Un coup de coeur de Isabelle P.
Dans les années 70, alors que le tumulte de mai 68 s’est tu, c’est l’effervescence au parti communiste qui voit notamment les maoïstes s’organiser au sein des classes ouvrières: c’est la grande époque des “établis”, ces étudiant.e.s qui choisissent volontairement de travailler dans les usines afin d’y amener la lutte des classes.
C’est ainsi qu’une douzaine de personnes, des couples d’origines sociales différentes, vont adhérer au projet d’un certain Fernando, réfugié espagnol anti-franquiste qui prône donc le travail en usine et organise une véritable vie communautaire.
Mais le personnage de Fernando recèle bien des zones d’ombres et le leader va progressivement se transformer en un personnage autoritaire, intransigeant et violent.
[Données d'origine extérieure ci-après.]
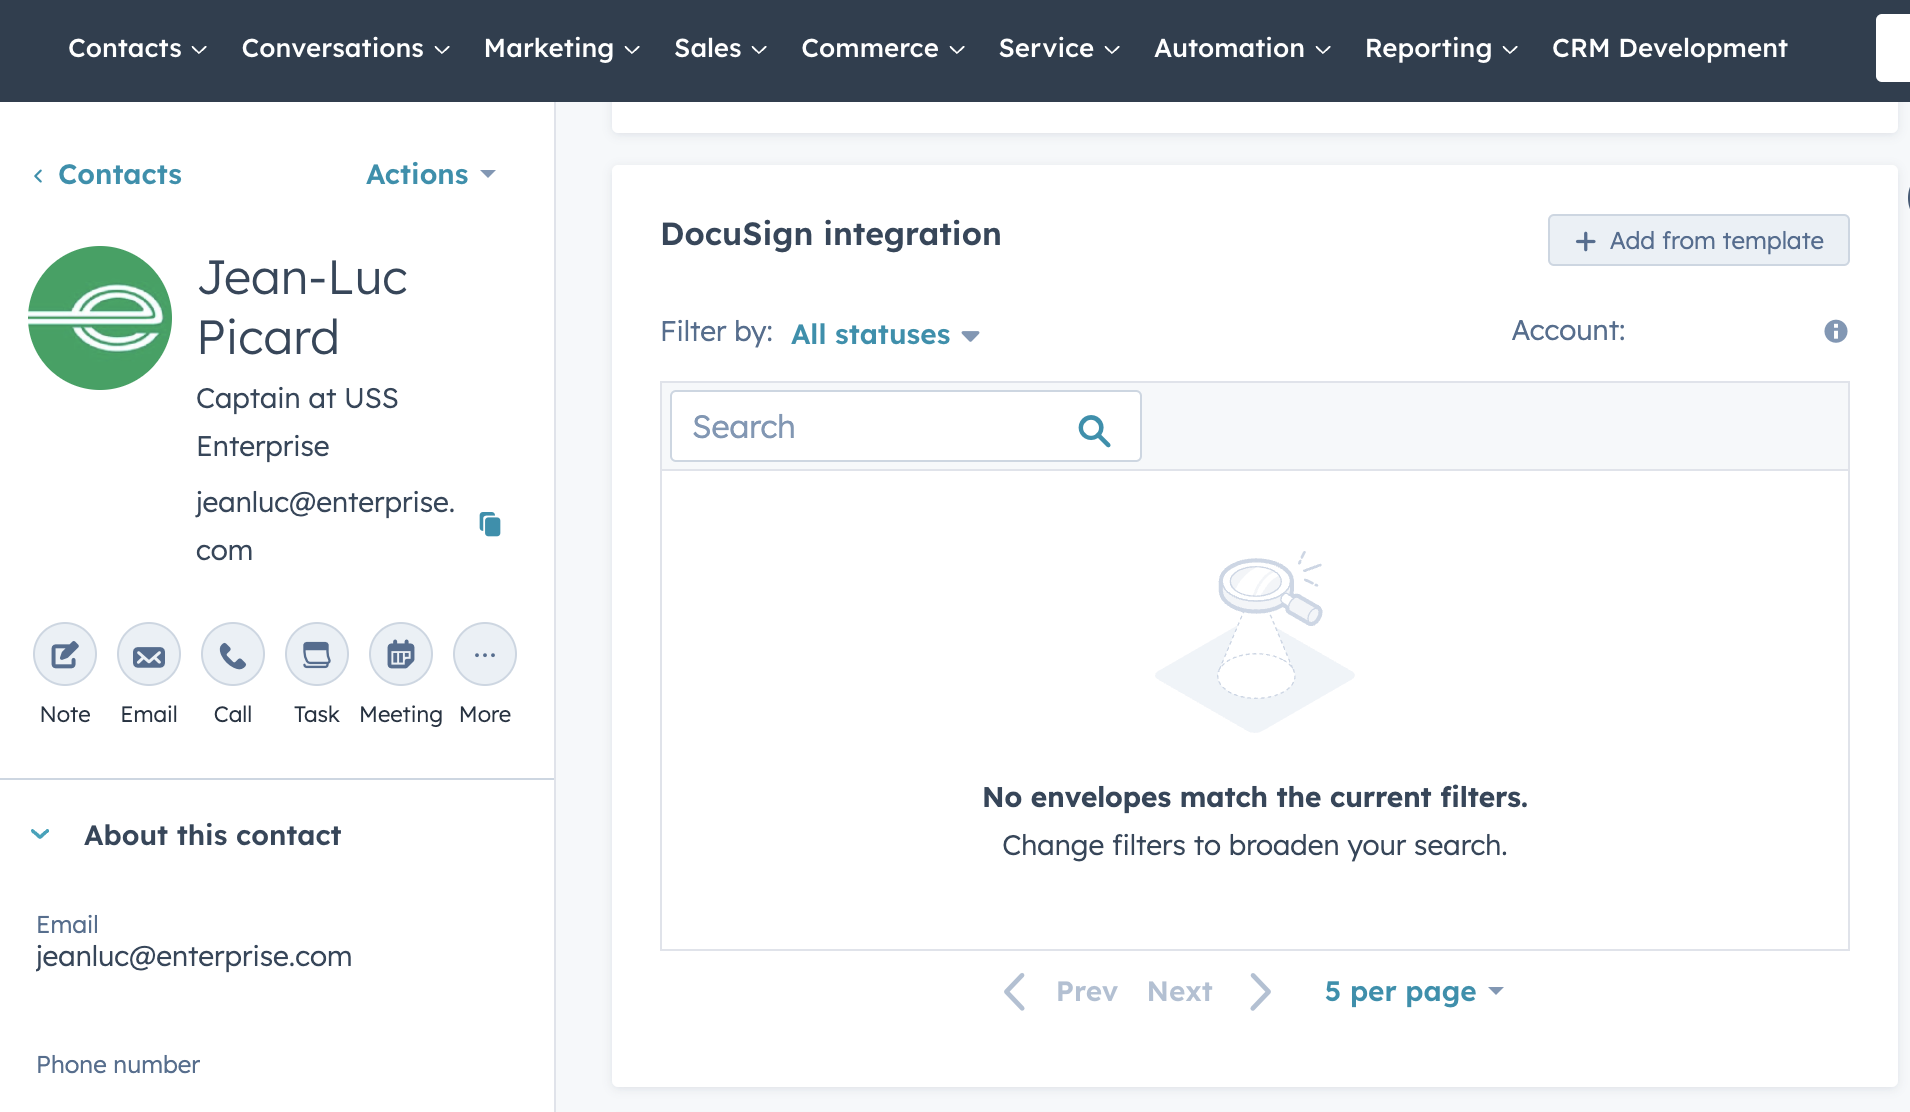 The improved DocuSign integration with HubSpot

Pendant 10 ans, ce “prophète rouge” va instaurer un rapport de défiance entre les membres du groupe et de soumission à son autorité. Organisant en permanence des autocritiques faites de procès, de dénonciations, de harcèlement moral qui détruisent psychologiquement chacun des membres du groupe, l’expérience se transforme en cauchemar sans que la plupart des protagonistes ne remettent en cause ni la légitimité de leur chef charismatique ni ses pratiques d’une violence psychologiques, morales et même physique. Tentative de suicide, de meurtre, séparations entre conjoints mais aussi entre parents et enfants, les témoignages des anciens membres du groupe sont édifiants.Trente ans après, les traumatismes sont encore présents et pour certains la parole reste encore impossible à prendre. Mais les journaux tenus par le groupe à l’époque sont là, implacables.
A travers cette histoire, Julie Pagis questionne cette forme d’emprise et les rouages du charisme tel que Max Weber l'avait décrit dans son livre sur La Domination : une soumission entière et consciente construite sur fond d’admiration aveugle et d’engagement militant. Mais l'enquête prend une tournure rocambolesque lorsque remontant le passé de Fernando, la sociologue se heurte à des dossiers des services secrets. Fernando devient alors un personnage à la lisière de la réalité et de la fiction: insaisissable, usant à la perfection des techniques de manipulation bien connues des services d’espionnage, il plonge la sociologue elle-même dans une forme de fascination dont elle avouera avoir du mal à se défaire.
On ne ressort pas indemne de ce livre qui questionne notre rapport à la domination et surtout à la soumission car le pouvoir charismatique même s’il est instable comme le souligne Max Weber et à son tour Julie Pagis, il est avant tout fort de tous ceux qui lui sont librement assujettis. Et cela dépasse largement les classes sociales.